Consistent with its goals, the FSF aims to use only free software on its own computers.

History

The Free Software Foundation was founded in 1985 as a non-profit corporation supporting free software development. It continued existing GNU projects such as the sale of manuals and tapes, and employed developers of the free software system. Since then, it has continued these activities, as well as advocating for the free software movement. The FSF is also the steward of several free software licenses, meaning it publishes them and has the ability to make revisions as needed.

The FSF holds the copyrights on many pieces of the GNU system, such as GNU Compiler Collection. As holder of these copyrights, it has the authority to enforce the copyleft requirements of the GNU General Public License (GPL) when copyright infringement occurs on that software.

From 1991 until 2001, GPL enforcement was done informally,  usually by Stallman himself, often with assistance from FSF's lawyer, Eben Moglen. Typically, GPL violations during this time were cleared up by short email exchanges between Stallman and the violator. In the interest of promoting copyleft assertiveness by software companies to the level that the FSF was already doing, in 2004 Harald Welte launched gpl-violations.org.

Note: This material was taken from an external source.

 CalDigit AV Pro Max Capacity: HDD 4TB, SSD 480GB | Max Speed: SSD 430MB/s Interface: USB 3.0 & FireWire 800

In late 2001, Bradley M. Kuhn (then executive director), with the assistance of Moglen, David Turner, and Peter T. Brown, formalized these efforts into FSF's GPL Compliance Labs. From 2002–2004, high-profile GPL enforcement cases, such as those against Linksys and OpenTV, became frequent.

GPL enforcement and educational campaigns on GPL compliance was a major focus of the FSF's efforts during this period.

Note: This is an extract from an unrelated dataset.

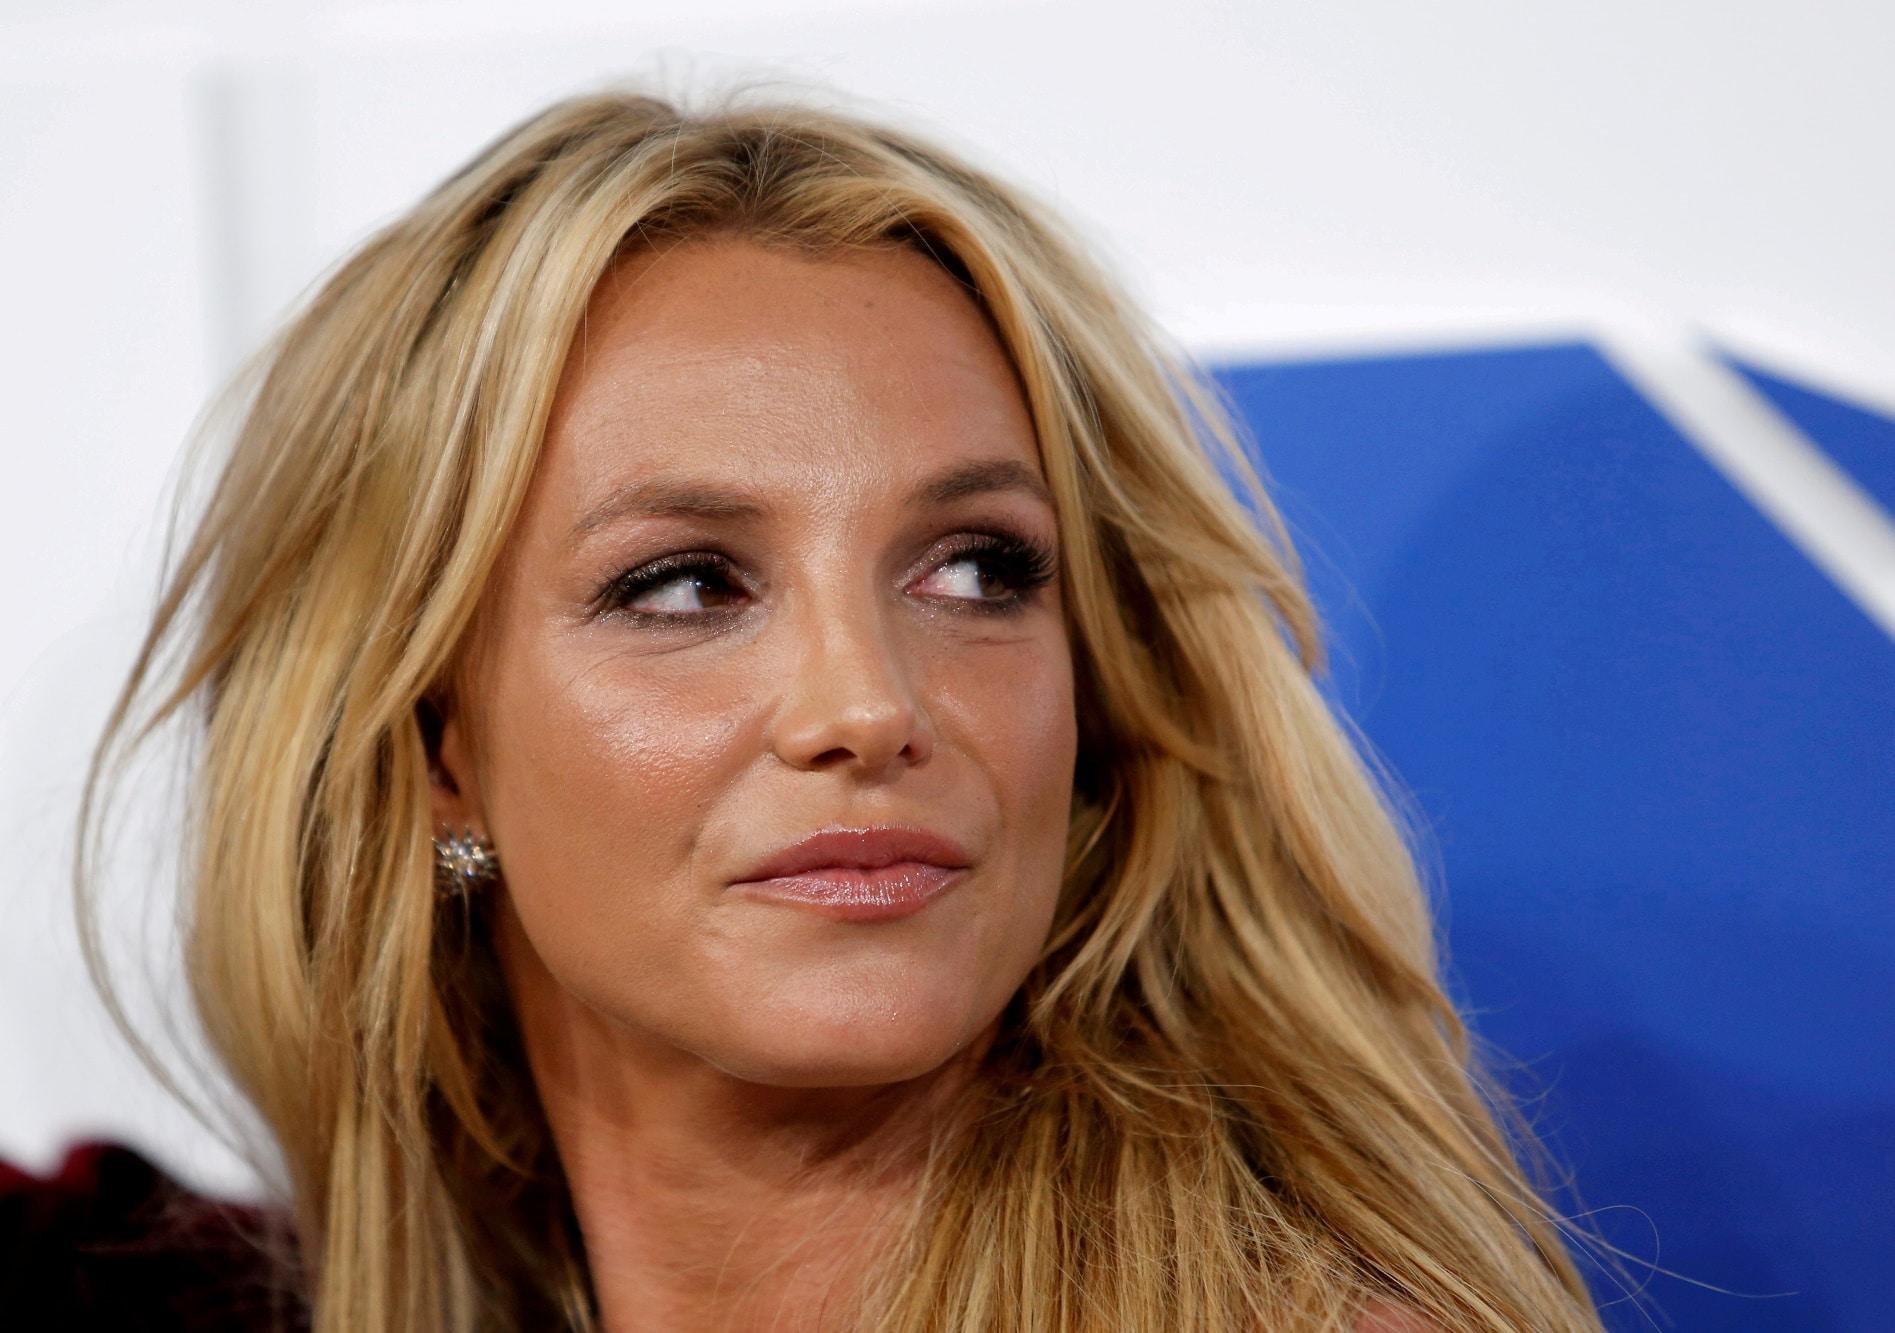 Britney Spears vystoupila požádala o zrušení opatrovnictví

In March 2003, SCO filed suit against IBM alleging that IBM's contributions to various free software, including FSF's GNU, violated SCO's rights. While FSF was never a party to the lawsuit, FSF was subpoenaed on November 5, 2003. During 2003 and 2004, FSF put substantial advocacy effort into responding to the lawsuit and quelling its negative impact on the adoption and promotion of free software.

From 2003 to 2005, FSF held legal seminars to explain the GPL and the surrounding law. Usually taught by Bradley M. Kuhn and Daniel Ravicher, these seminars offered CLE credit and were the first effort to give formal legal education on the GPL.

In 2007, the FSF published the third version of the GNU General Public License after significant outside input.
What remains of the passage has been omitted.